Eine Hexe in Zeitz und eine kurzweilige Lesung
Man könnte sich durchaus daran gewöhnen. Kurzweilig war sie, die kleine Lesung von „Hexen, Schnaps & Liebeskummer“ im Cafè LAURINI mitten in der Fußgängerzone.
Angenehmes Ambiente, dazu eine leckere heiße Schokolade und zwei Menschen, die unterhalten. Man könnte sich daran gewöhnen, wenn es so etwas öfter gäbe. Kultur in der Innenstadt. Etwas shoppen und dann entspannt etwas aus guten Büchern hören.
Roland Rittig hatte sich das Liebesleben Gottfried August Bürgers ausgewählt und las aus dessen Briefen und Gedichten.

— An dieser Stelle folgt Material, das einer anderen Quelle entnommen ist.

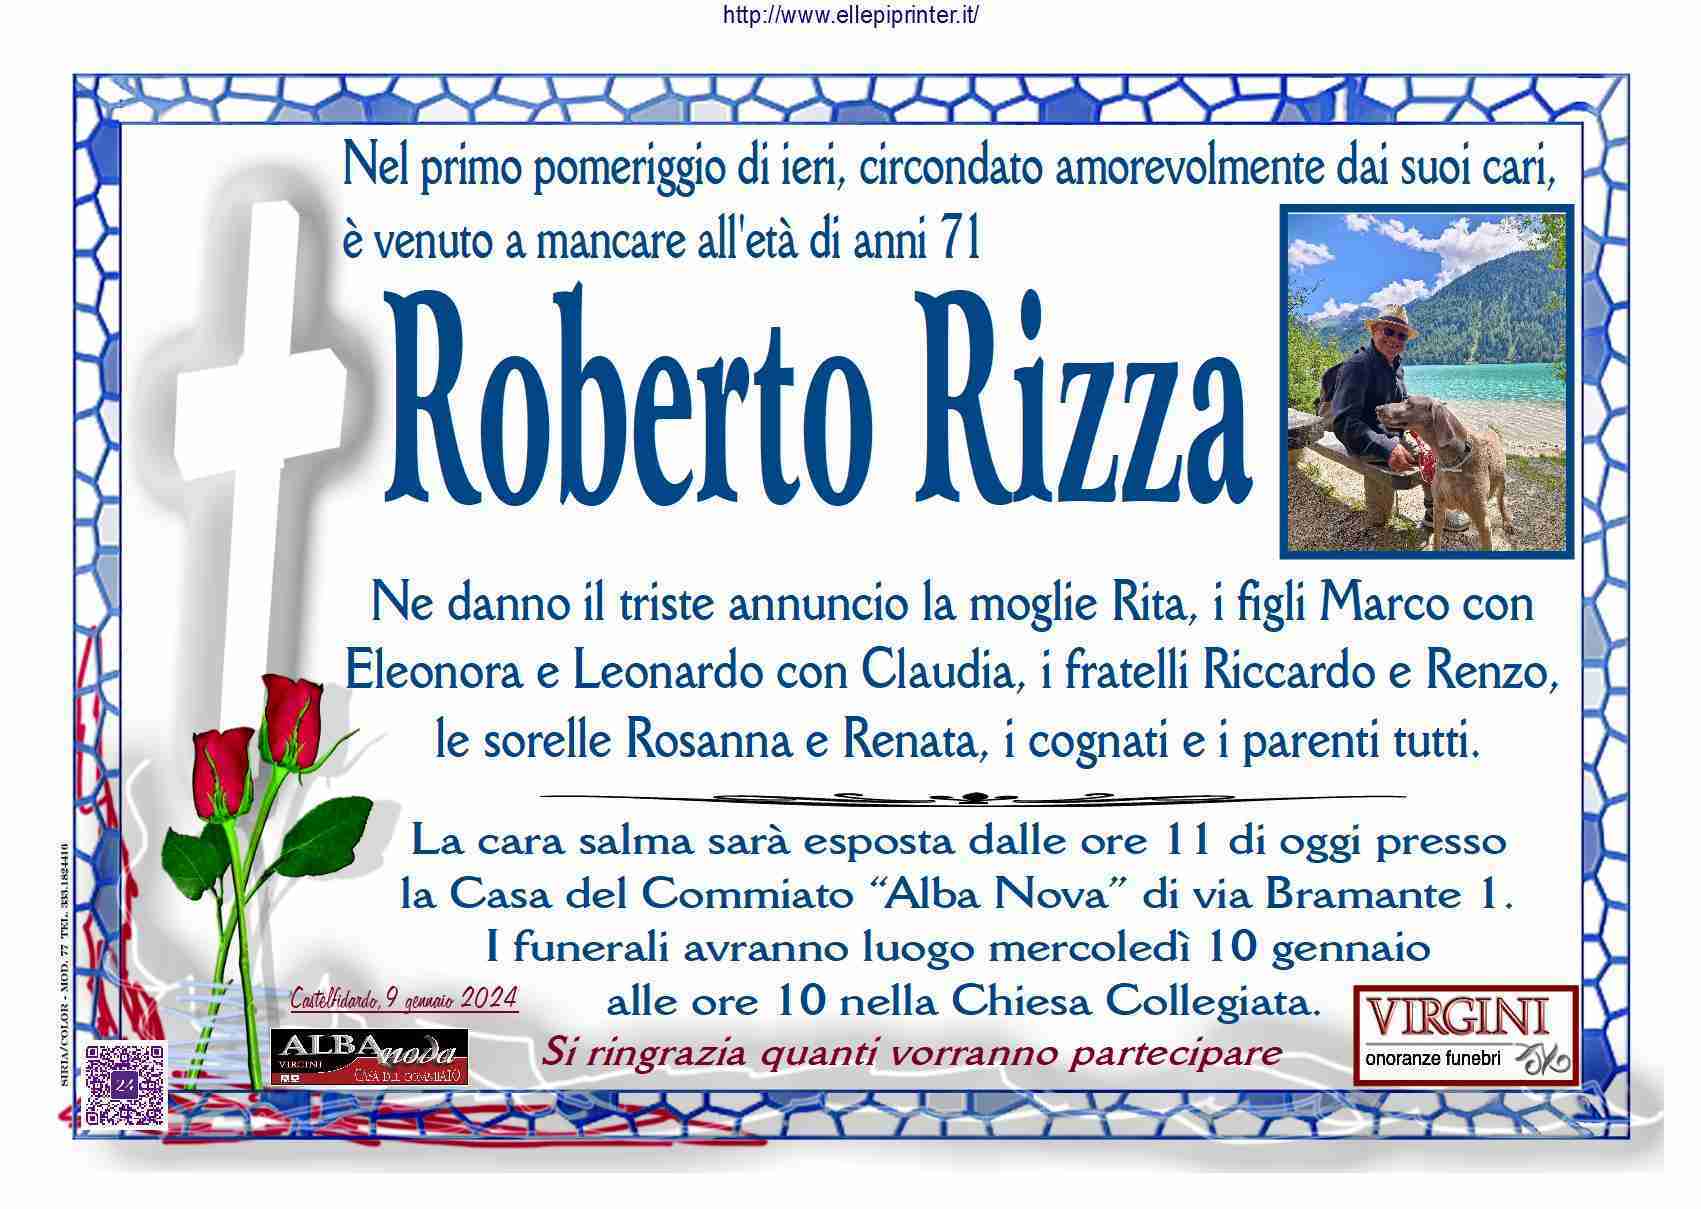 Roberto Rizza

Viel heiße Liebe und überbordende Wollust war dabei im Spiel, zumal Bürger mit Dorette und Auguste zwei Schwestern liebte. Gleichzeitig und gleich innig liebte er sie, was ganz sicher nicht nur vor 200 Jahren mit allerlei Komplikationen und am Ende viel Leid verbunden sein musste. So beschrieb Bürger denn auch das Gefühl des Liebens als den Aufruhr der Lebensgeister.
Kurt Wünsch las eigene Texte. Zwischendurch erzählte er kleine, manchmal leicht frivole Geschichten mitten aus dem Leben. Etwa solche von seiner „Entspannungstour nach Zeitz“, die er mit einer „Hexe aus Zeitz“ nach einigen Irritationen im Harz beendete. Oder jene Frau, die ihn für pünktlich, willensstark, konsequent und charakterfest hielt. Schließlich säße er regelmäßig immer Dienstags, immer nach Acht in immer derselben Kneipe am selben Platz und trank seine vier Schnäpse.
Was bei Wünsch Fiktion, was Erlebtes ist – man weiß es nicht. Anders in seinen Liedern, die an diesem Abend aus der Retorte kamen und von viel Weisheit wie viel Humor zeugten.
So erlebten die etwa Vierzig Hörgäste des Abends leidvoll-lustvolles aus der großen deutschen Literatur ebenso wie mit Augenzwinkern erzählte kleine Alltagsgeschichten eines Zeitgenossen.
Wer weiß, ob man sich doch daran gewöhnen könnte, denn der Chef des Hauses ließ verlautbaren, es gäbe die Absicht, hin und wieder solche und ähnlich Abende zu geben. Eine Belebung an die sich leichter zu gewöhnen wäre als an eine leblose Innenstadt.
P.S.: Woran sich Kurt Wünsch übrigens nicht gewöhnen könnte. Daran, dass er am Zeitzer Bahnhof ankam und nicht erkennen konnte, wo es so richtig lang geht. Daran, dass er jedenfalls nicht erkennen konnte, dass da eine Brücke gesperrt ist. Daran, dass offenbar mehrere befragte Zeitzer es auch nicht wussten, nicht wissen wollten oder nicht konnten. Daran, dass er zu Fuß einen langen Umweg nehmen musste. So etwas, so Wünsch, habe er noch nirgendwo erlebt.